While studies are being done about cluster headaches, Odlum discovered it is genetic. Odlum worries his daughters, Grace and Glennon will inherit his condition. Neither of his parents had cluster headaches.

“I don’t know anybody in my family who has them, unless there is somebody suffering who never talked about it and no one ever knew what it was,” Odlum said. “It was just like back in the old days you just dealt with it.”

He said his sister has migraines but that they are “completely different” from what he goes through.

“It can be passed down but it’s sort of that crap shoot where I dread if one of my daughters has to go through this,” Odlum said. “It’s one of my biggest fears that one of them gets this from me.”

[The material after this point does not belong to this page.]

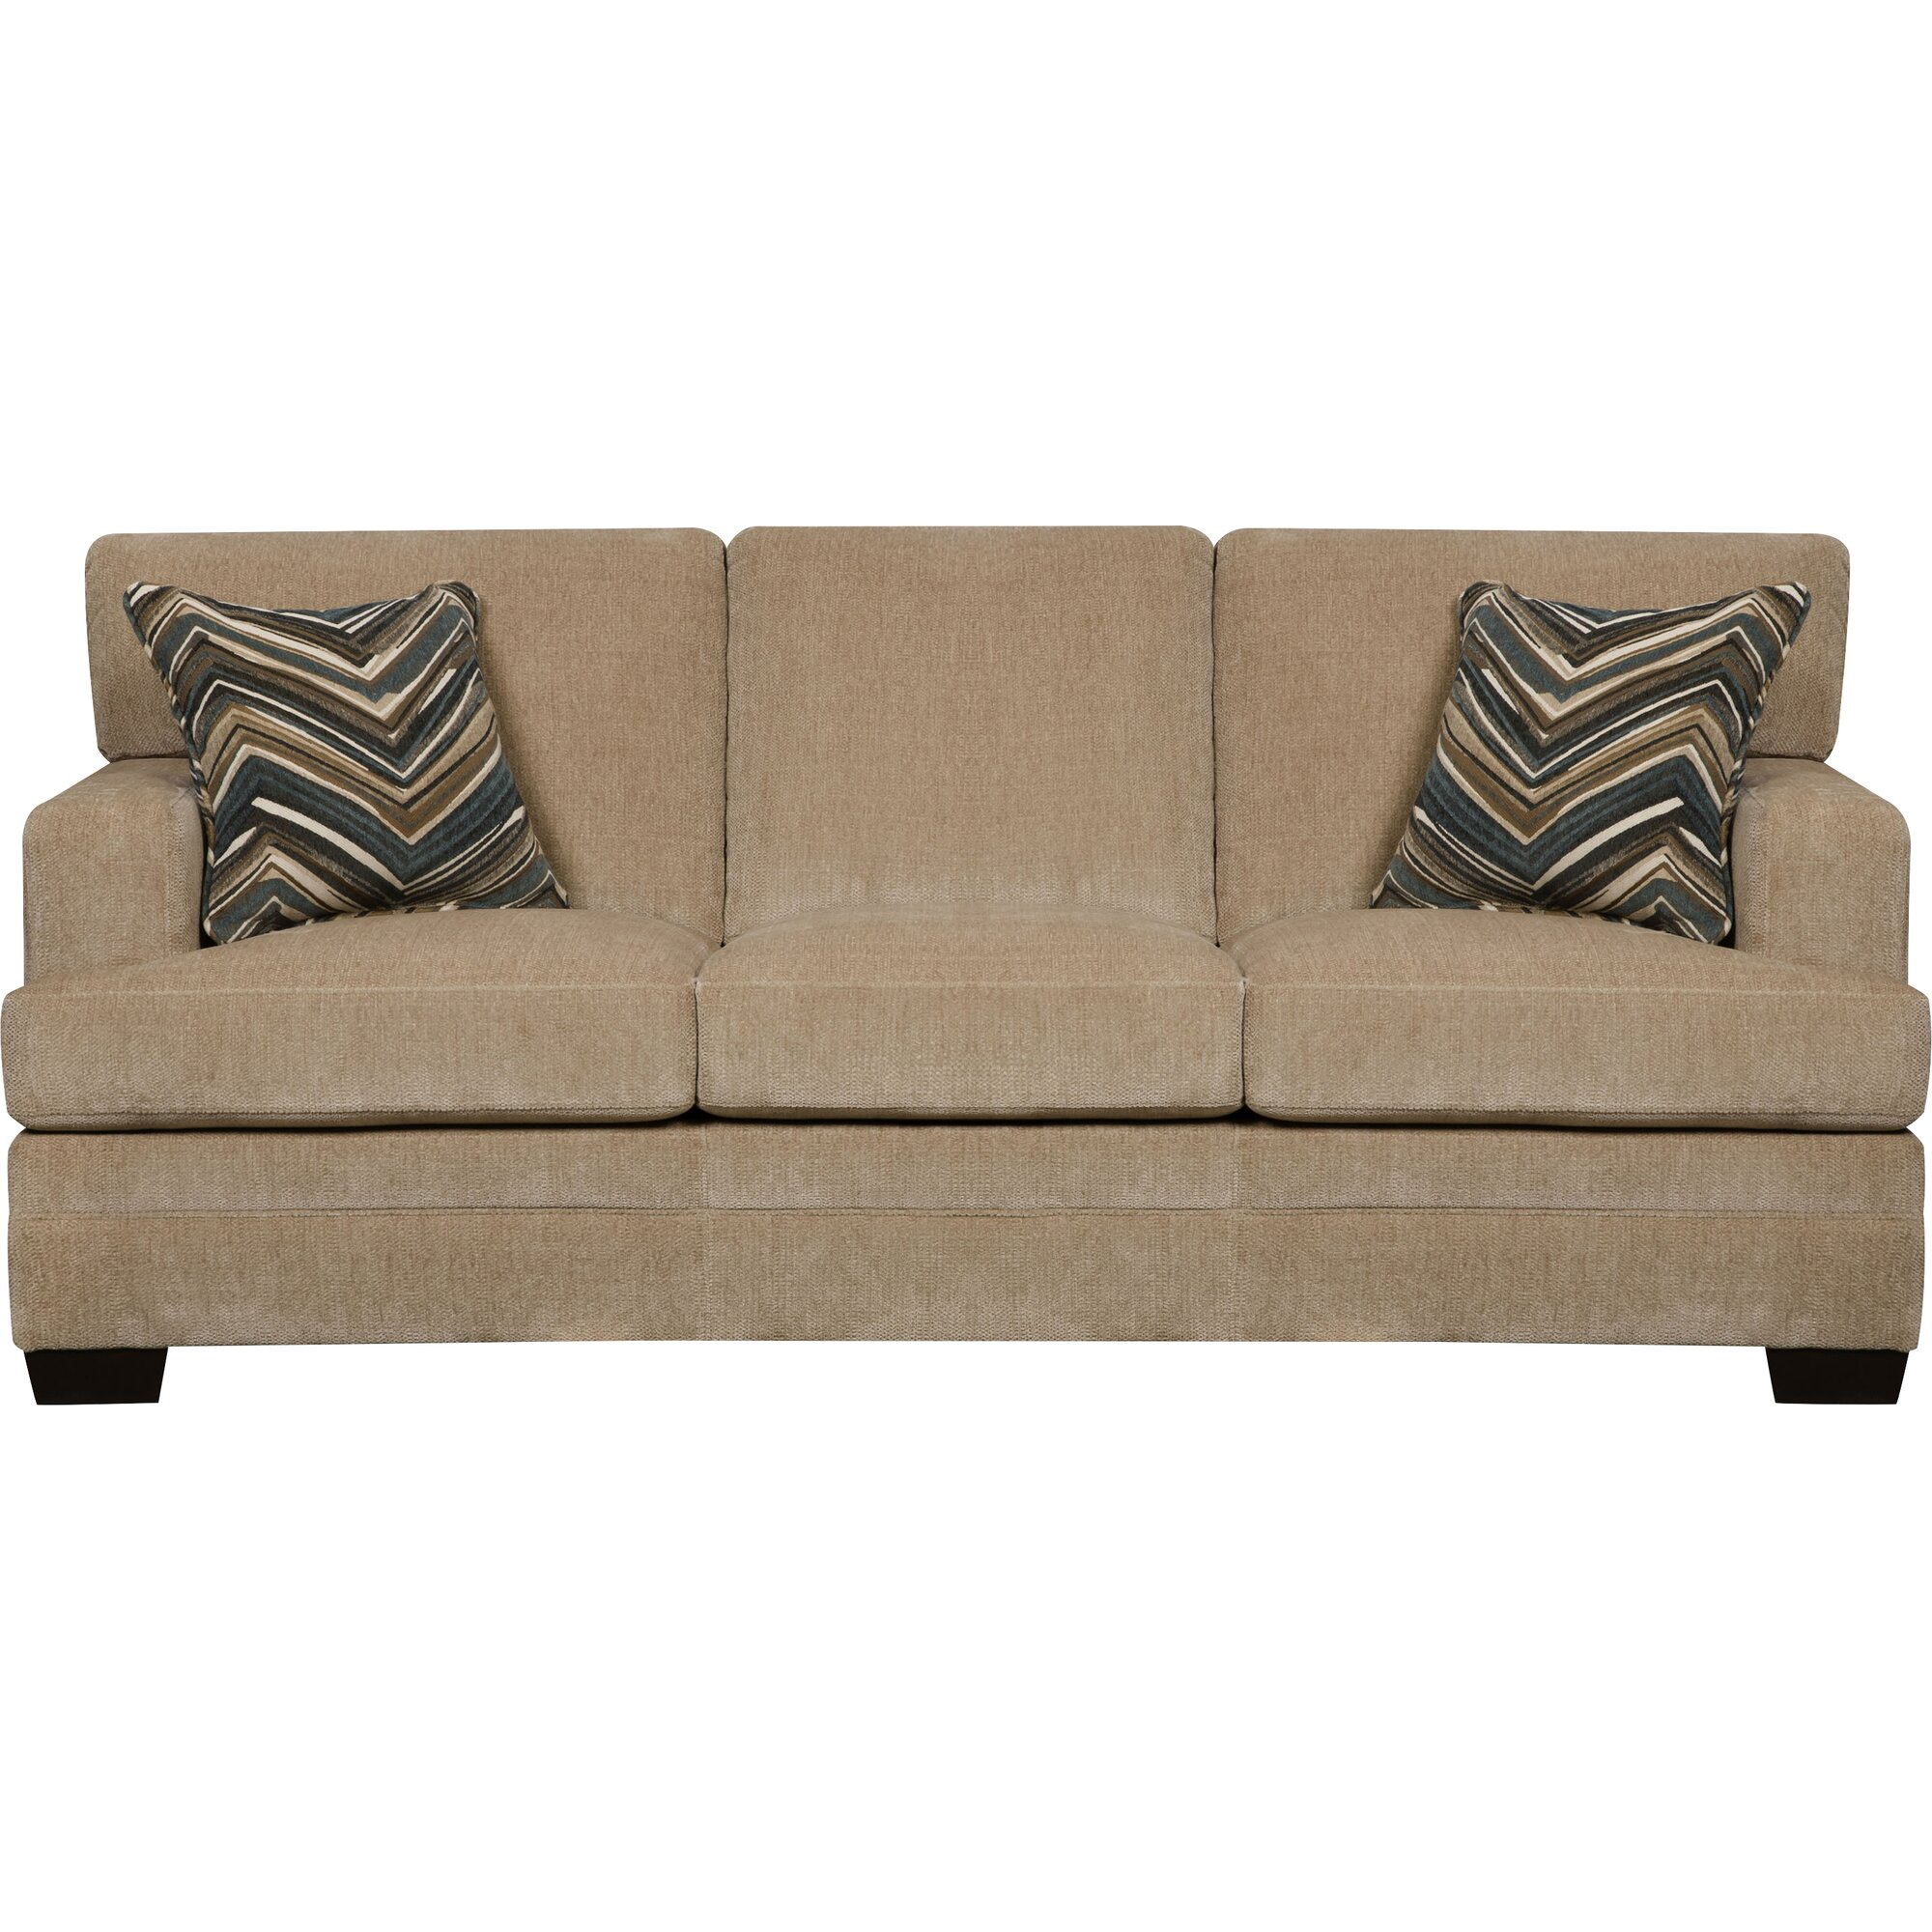 simmons sleeper sofa reviews Sofa Hpricot

Odlum compares using the illegal substance psilocybin to a Greek tragedy.

“I know what works for me but I can’t get it,” he said.

“The irony of the psilocybin being the only thing that has ever worked for me alongside with oxygen is that they are illegal. There are so many people out there that are trying to legalize it, but it’s scary because I know it works for me but I don’t really know how to find it or access it.

“I think that there is so much good that can be done with it, so I just hope they start legalizing it and states make it more accessible for people who have these chronic conditions who have no real cures.”